You share His victory over death and the grave, and you share His life in both body and soul, now and forever, because the Spirit of Him who raised Jesus from the dead now dwells in you through the Gospel. He strengthens you in faith and love, helps you in your weakness, intercedes for you when your groans are too deep for words, and grants you courage and peace in the face of death.

As all of this is for your body, also, the Lord Jesus not only pours out His Spirit upon you, but He gives to you His Body to eat and pours out His Blood for you to drink. This is spiritual food for your body as well as your soul. Given with His Word, it forgives you all your sins, and it enlivens you with Christ Jesus for life everlasting. Indeed, as this Body and Blood of the crucified and risen Lord Jesus are given into your mortal body of flesh and blood, death is served notice that it shall not be able to keep your body, no more than it could hold His. When death lays hold of you, it lays hold of Christ Jesus, and it is defeated. Thus do you live and believe in Him, and even though you die, yet shall you live.

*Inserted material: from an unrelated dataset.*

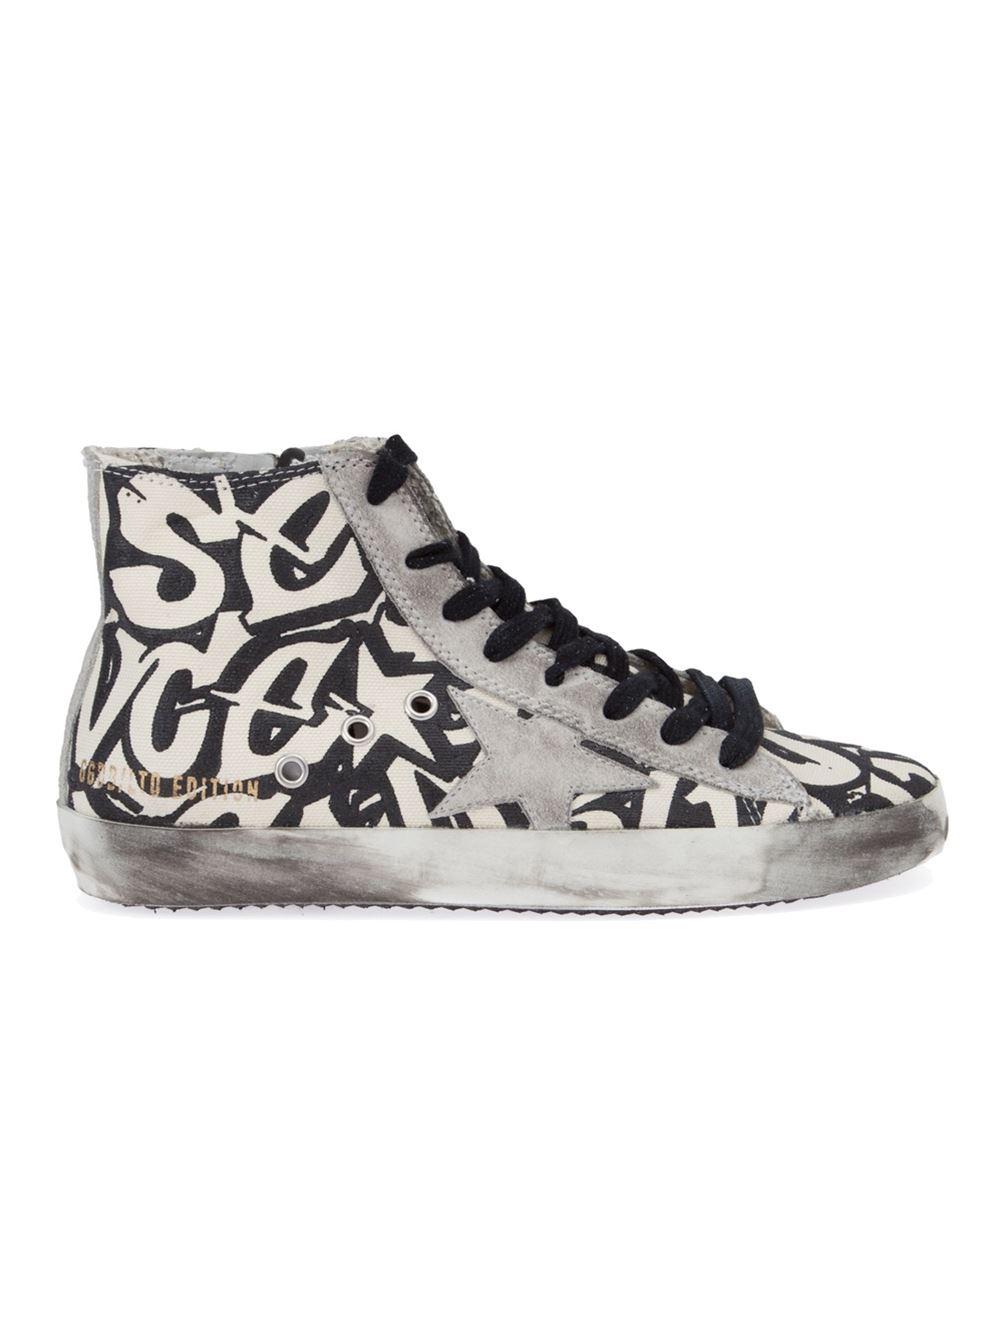 golden goose deluxe brand graffiti print hi top sneakers in white lyst. Black Bedroom Furniture Sets. Home Design Ideas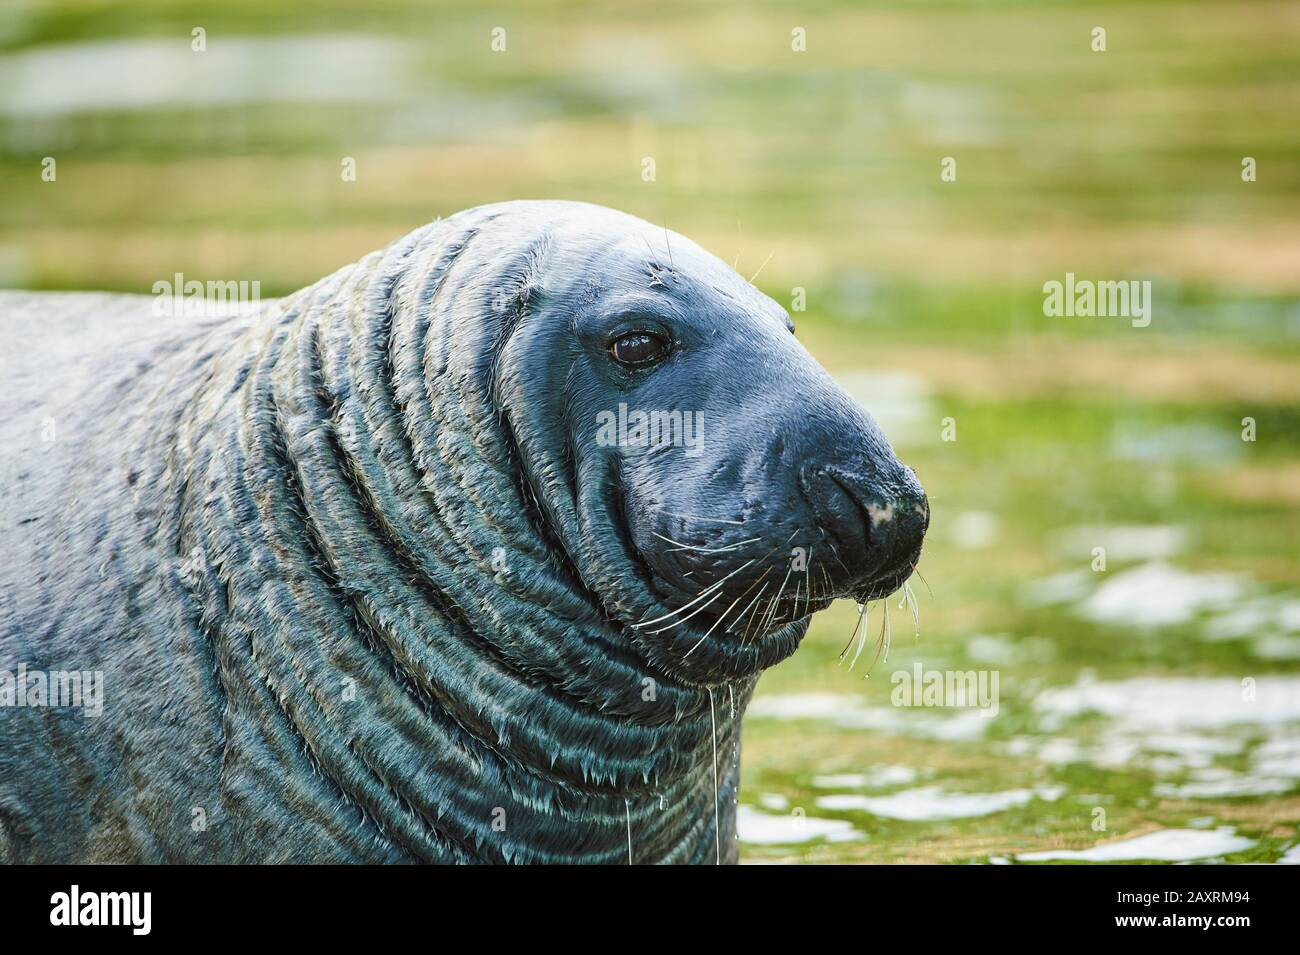 Common seal, Phoca vitulina, water, portrait, sideways Stock Photo

He has not come too late to help you, dear friend of Jesus. He has not shut His ears to your fervent pleas and desperate prayers, nor does He delay in order to hurt or harm you. He rather moves in love to save you, not from the Cross, but by the Cross, for the resurrection and the life everlasting. As He bears your sins to atone for them, and as He shares your sadness, so does He share His joy and gladness with you — which is neither denied nor washed away by your tears. Whatever weeping remains for the night, He weeps with you, until the dawning of that eternal Day when He shall wipe away every tear from your eyes, and there shall be no more sickness, sorrow, sin or death; for all of these things shall have passed away, but Christ Jesus shall remain.

In the Name + of the Father and of the Son and of the Holy Spirit. Amen.

2 comments:

Rev. James Leistico said...

wonderful - I'm borrowing a few phrases for today. The people of South Bend are truly blessed to have a shepherd (two actually) who point so powerfully to the great Shepherd of the Sheep raised from the dead.

Rev. Rick Stuckwisch said...

Thank you, Brother James. Christ be praised! God bless you and yours in your faithful service in the Lord's Name.